Study Shows 86% of Your Freshman Friendships Formed Over Hatred of Something

Published Friday, September 3rd, 2010

A study recently released in the journal Sociology Quarterly revealed that approximately 86% of all friendships formed between freshmen are founded on shared hatred of, condescension toward, or disdain for some style, celebrity, or other prominent aspect of American culture. Additionally, concluded the study, if you're a member of the 14% who actually made a friend based on a positive shared idea, you must be that weirdo from down the hall who's in Juggling Club.

Professor of Sociology Heidi Montaigne confirmed that in light of the recent study, "even what you thought was a perfectly healthy and productive interaction during orientation was probably in some way related to your (likely feigned) hatred of Nickelback, Twilight, or even that prick Glenn Beck." That friend of a friend you met the second week of classes at the Ratty and turned out to really click with? Good thing you're living together next year, says the study, so you have plenty of time to reflect on how your first conversation consisted of complaining about Wal-Mart and cracking jokes about Pauly Shore's dismal performance in "Biodome."

"But those jokes were hilarious! We're both just socially conscious and have a sense of humor!" you respond. "Then why didn't you discuss your opinions on health care reform and the comedic stylings of Sinbad?" said Dr. Ivan Sudholt, a co-author of the study. Continued Sudholt, leaning over to whisper in new co-worker Dr. Raymond Weintraub's ear, "Don't you just hate that sort of hypocrisy?" Soon thereafter, Sudholt and Weintraub exchanged emails and made tentative plans to get sushi sometime.
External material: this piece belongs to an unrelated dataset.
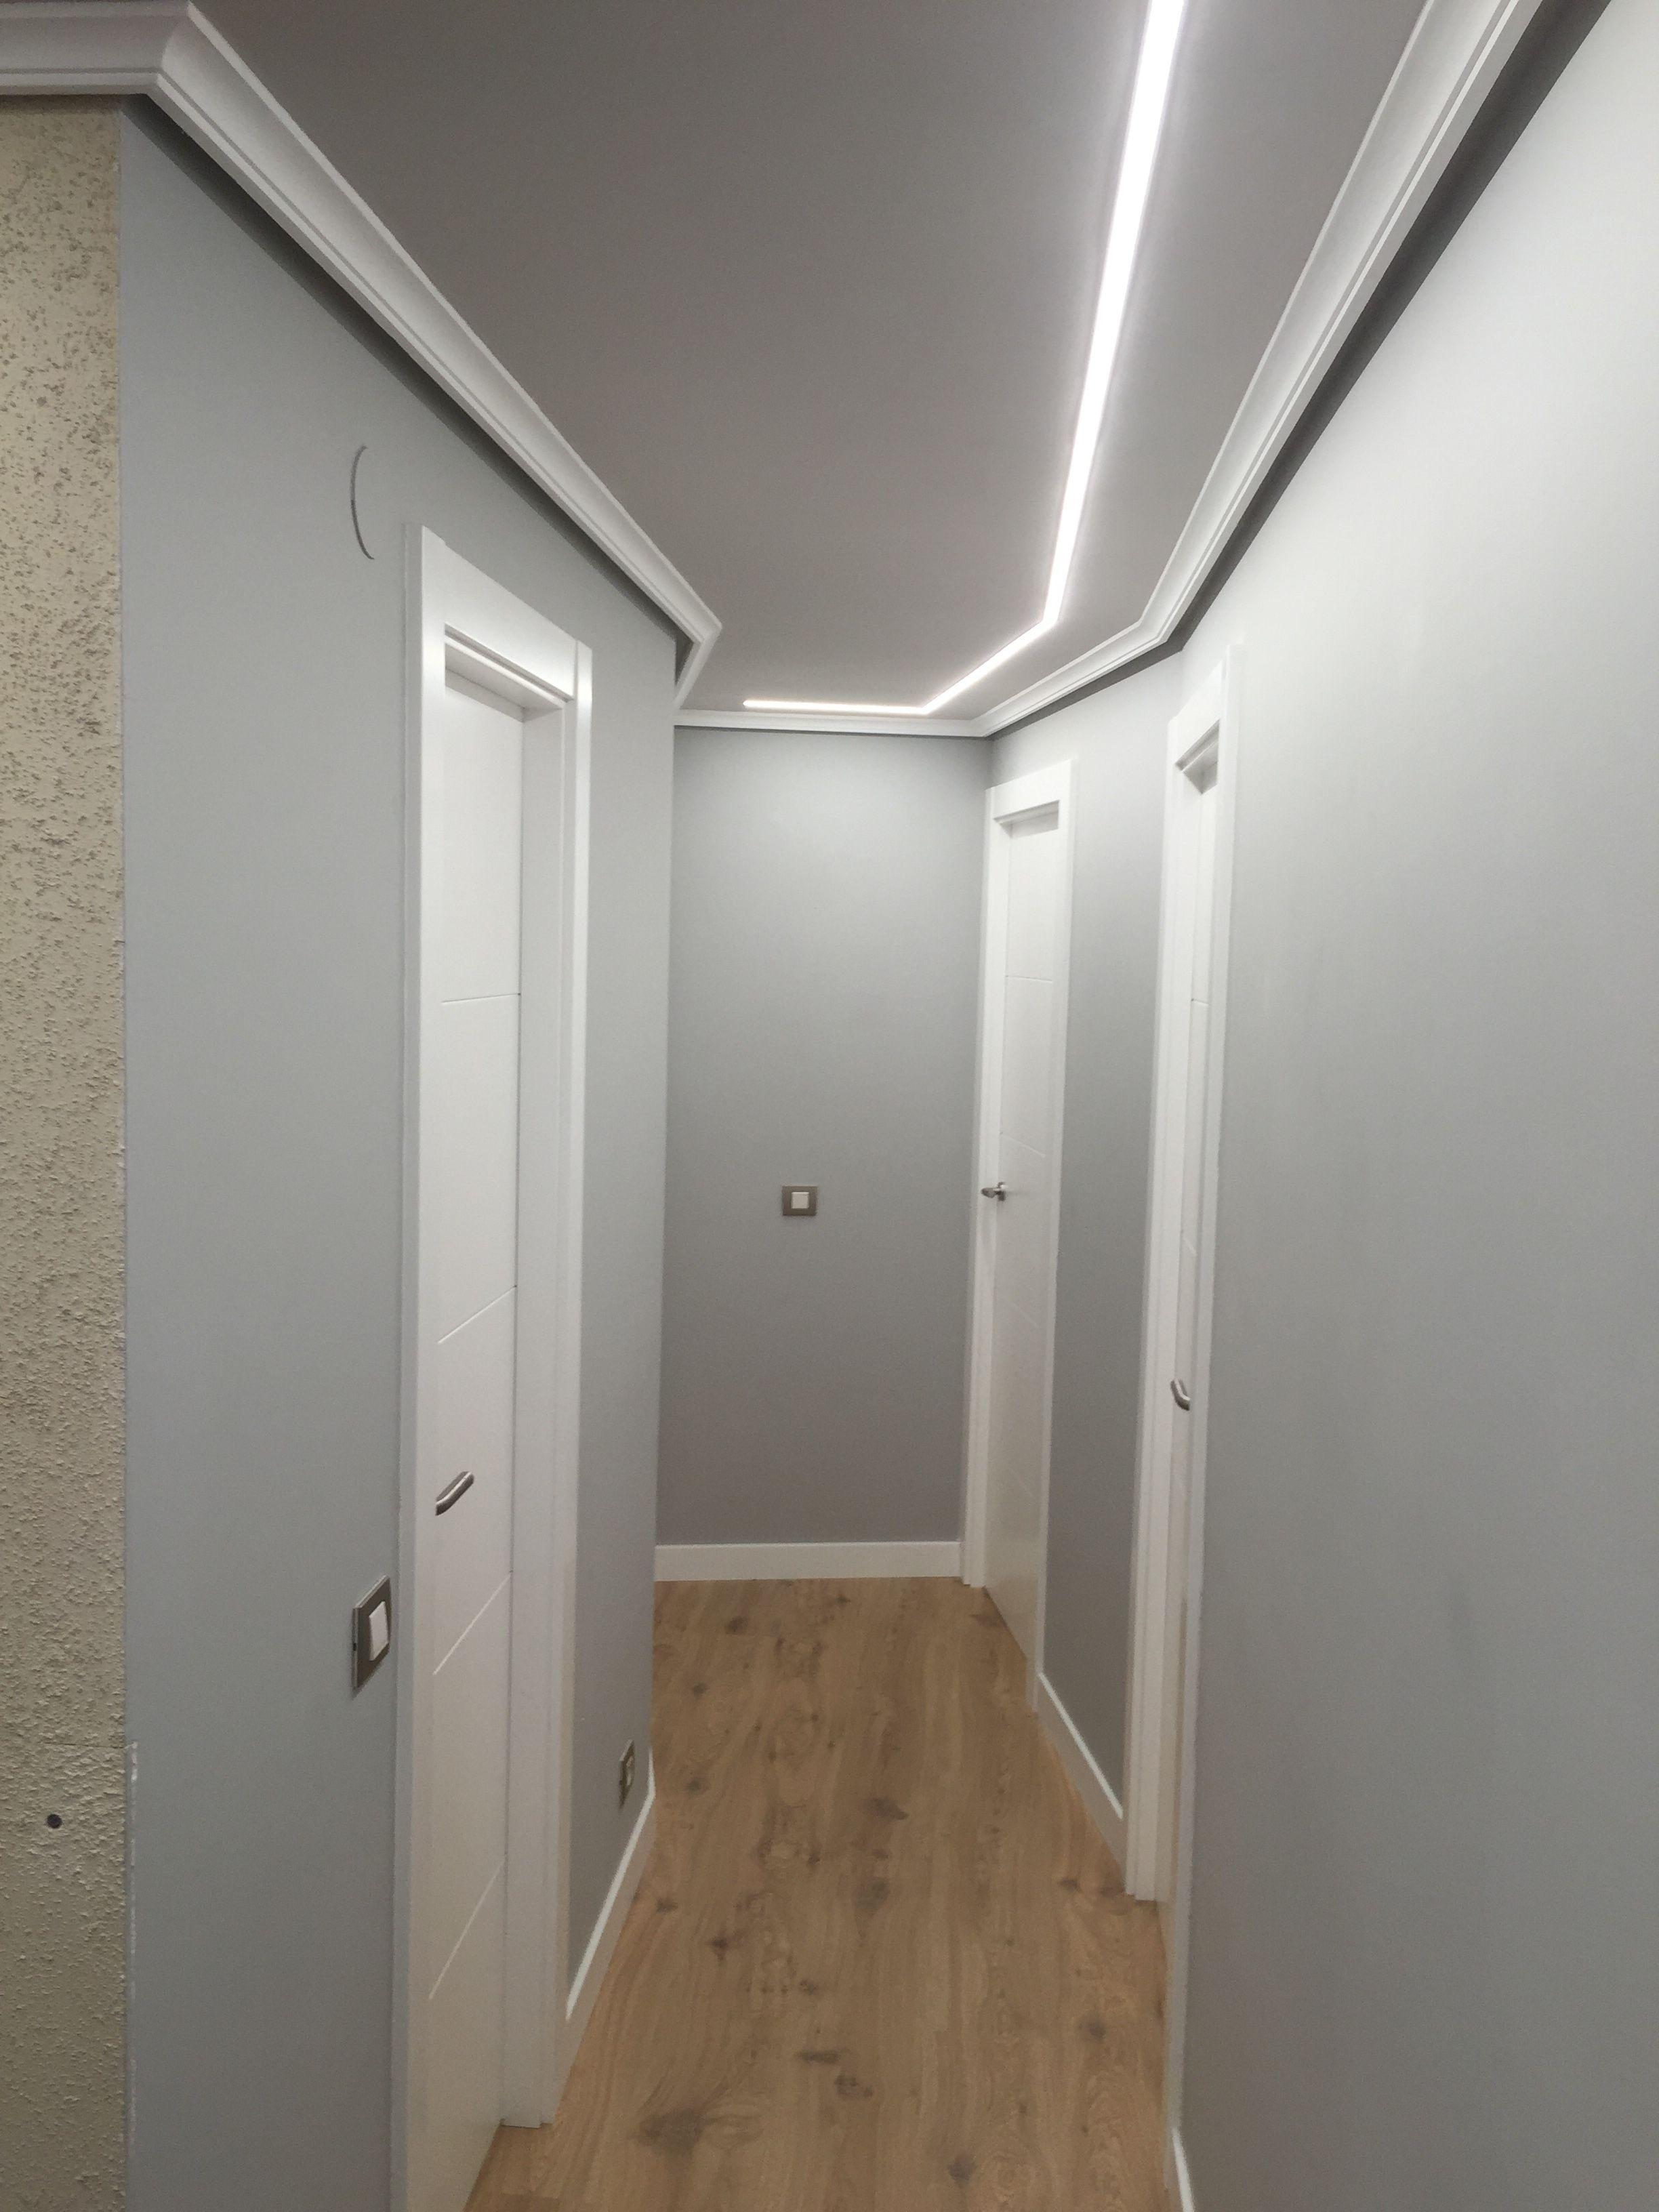 Pasillo iluminado con tiras de leds empotradas en el techo - Focos pasillo ...

The study has gained significant recognition in academic circles outside the sociology world, with several prominent biologists collaborating on a study that they hypothesize will show an increase in brain activity while college freshmen agree upon a negative idea, thus further confirming that you're a cynical shitbag incapable of seeking out those with whom you share interests without raining on others' parades. Richard Watkins, professor of philosophy at Rutgers, is reportedly working on a paper that, in light of the study, proves once and for all that you should just give up now and live alone in a cabin in the woods.

The study also concluded that if you want to hang out some time, we could get lunch after class. Just not at Johnny Rockets - I hate that place. You do too? It's so tacky, right? Here, let me get your number.